(DATA TO PROCESS Opens)

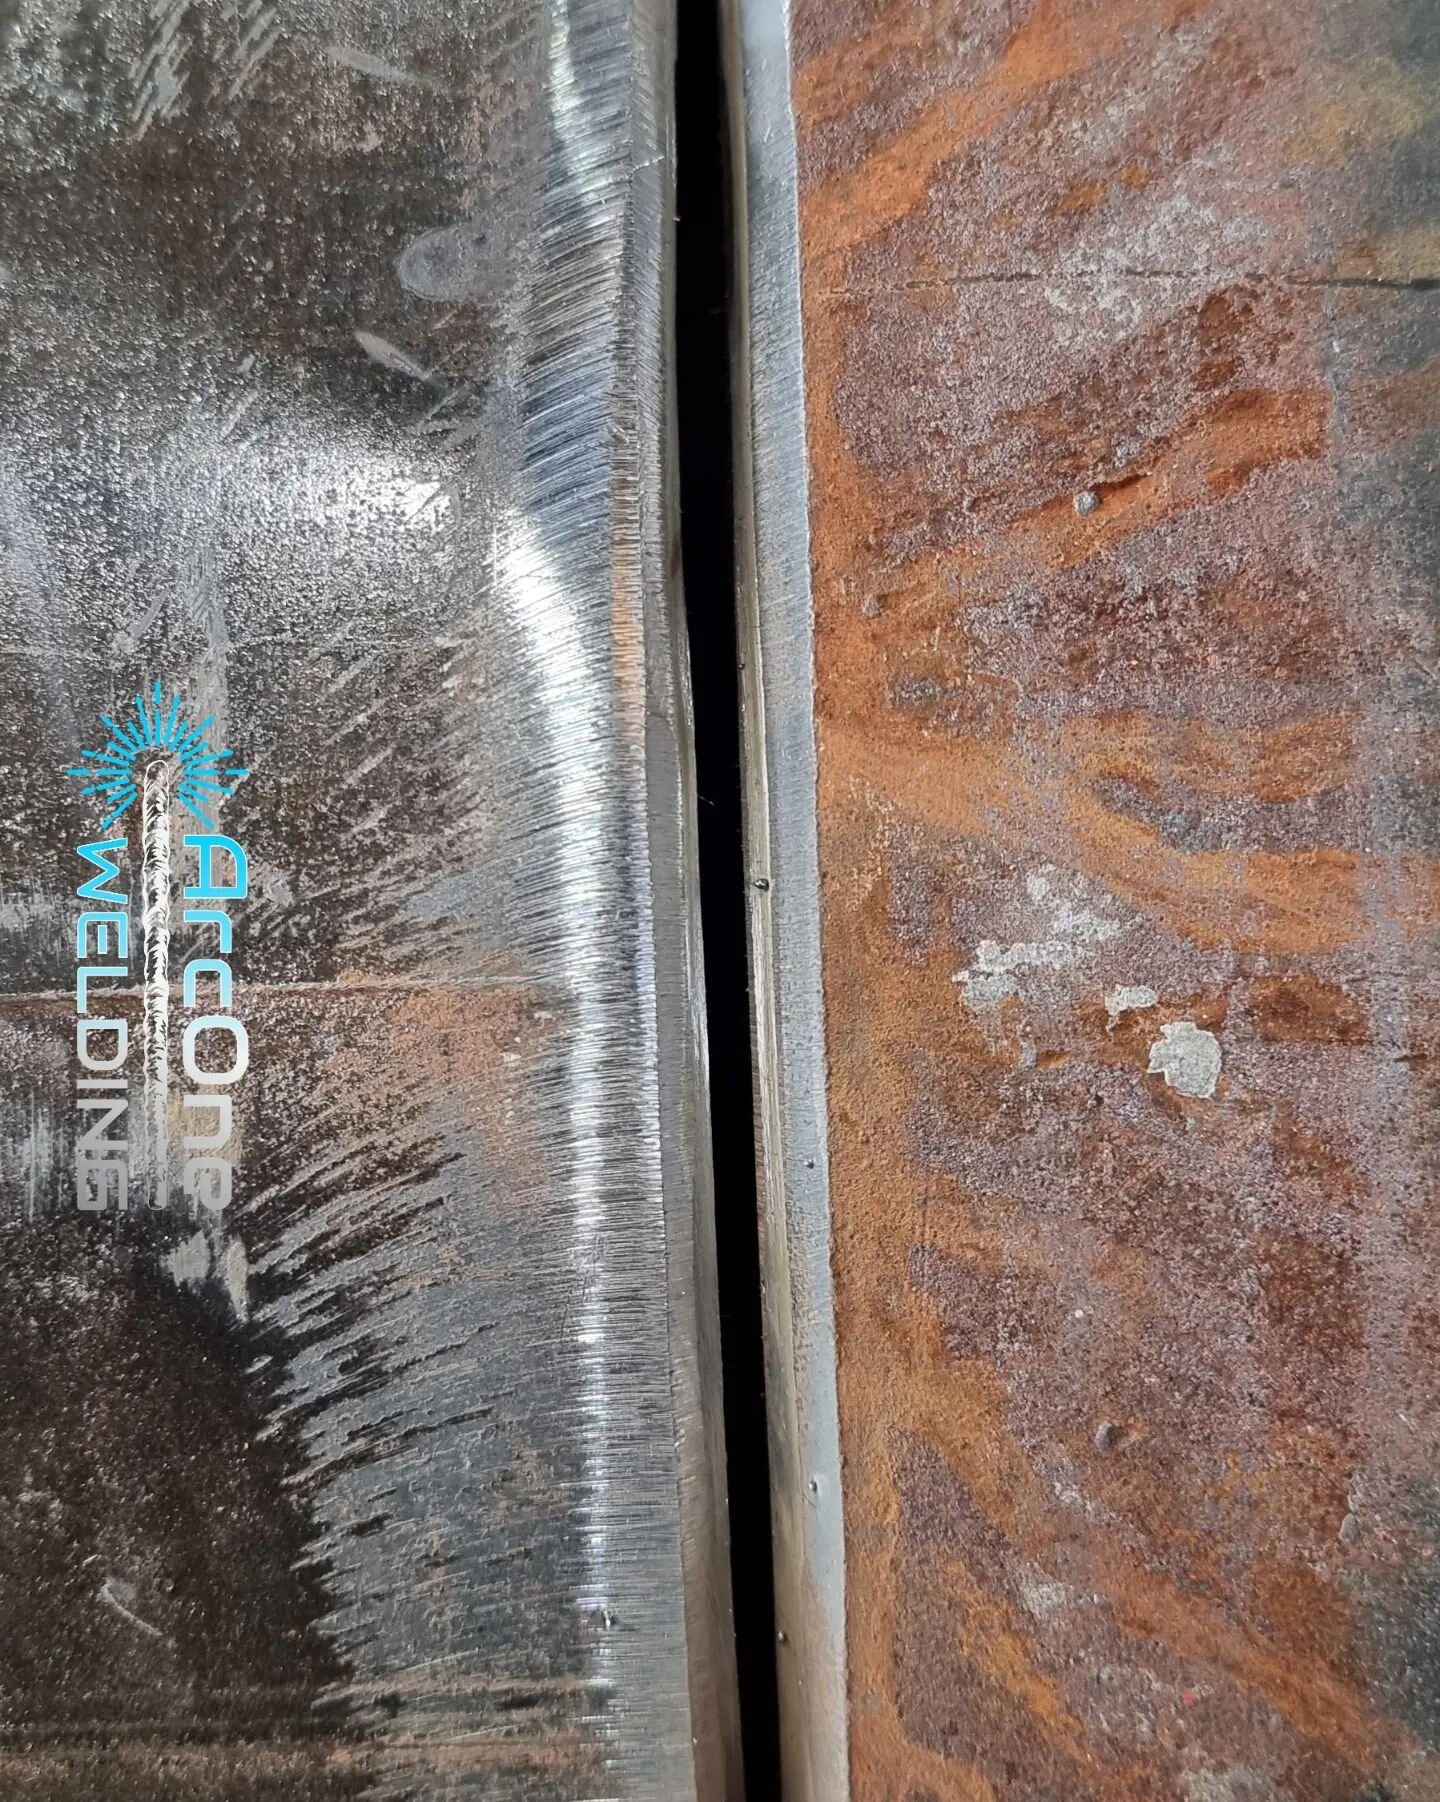 The process of welding a 14&quot;  butt
3mm gap rooted at 135a
Hotpass at 260A
Cap at 240A 
●
●
○
○
●
○
#welding #pipewelder #weldporn #migwelding #weldernation #welder #welderzone #weldernation #weldporn&nbsp;#welding #welder #weld #weldforlife #wel
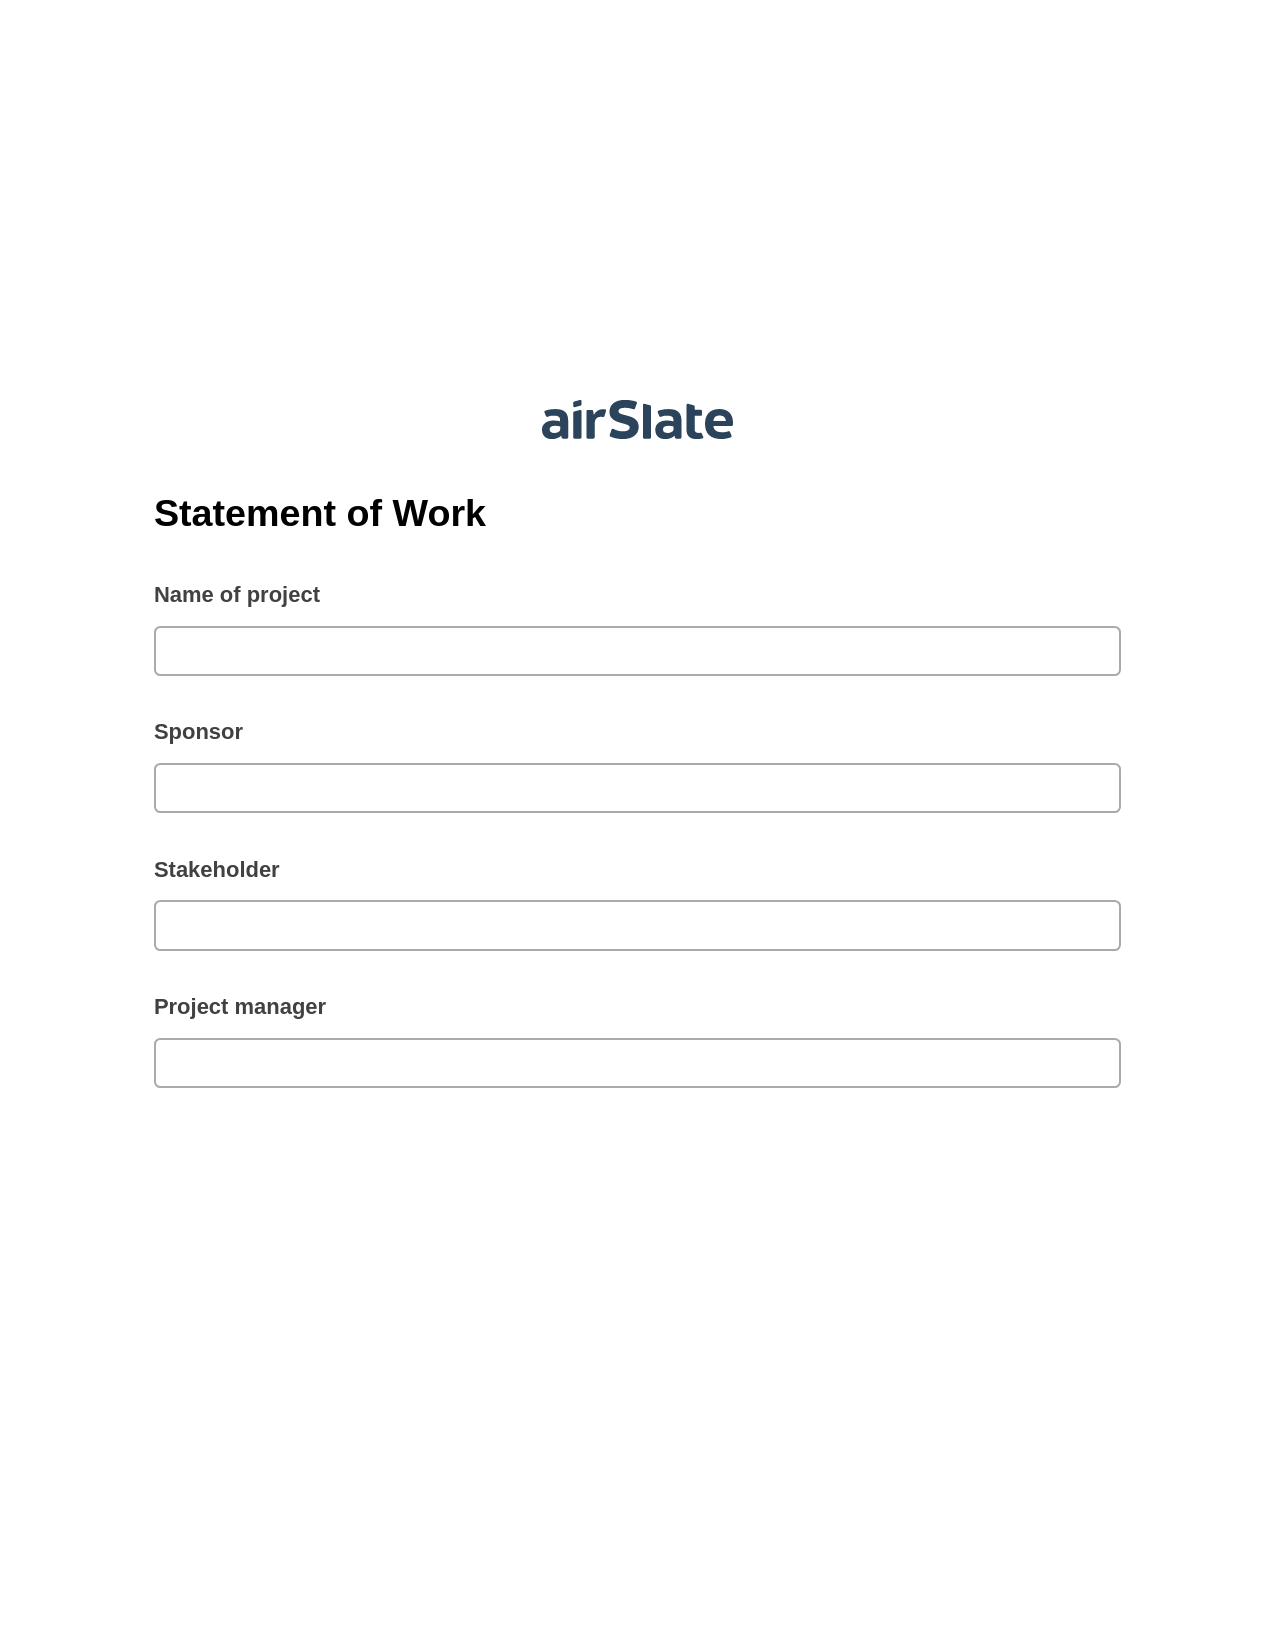 Statement of Work Pre-fill from Google Sheet Dropdown Options Bot, Create slate in another Flow Bot DEPRECATED, Export to Salesforce Bot

(DATA TO PROCESS Closes)

● **TASK TO COMPLETE**:
All entries, top to bottom, should be retyped exactly; the pictures should not be.

● **TASK SOLUTION**:
 The process of welding a 14&quot;  butt
3mm gap rooted at 135a
Hotpass at 260A
Cap at 240A 
●
●
○
○
●
○
#welding #pipewelder #weldporn #migwelding #weldernation #welder #welderzone #weldernation #weldporn&nbsp;#welding #welder #weld #weldforlife #wel
 Statement of Work Pre-fill from Google Sheet Dropdown Options Bot, Create slate in another Flow Bot DEPRECATED, Export to Salesforce Bot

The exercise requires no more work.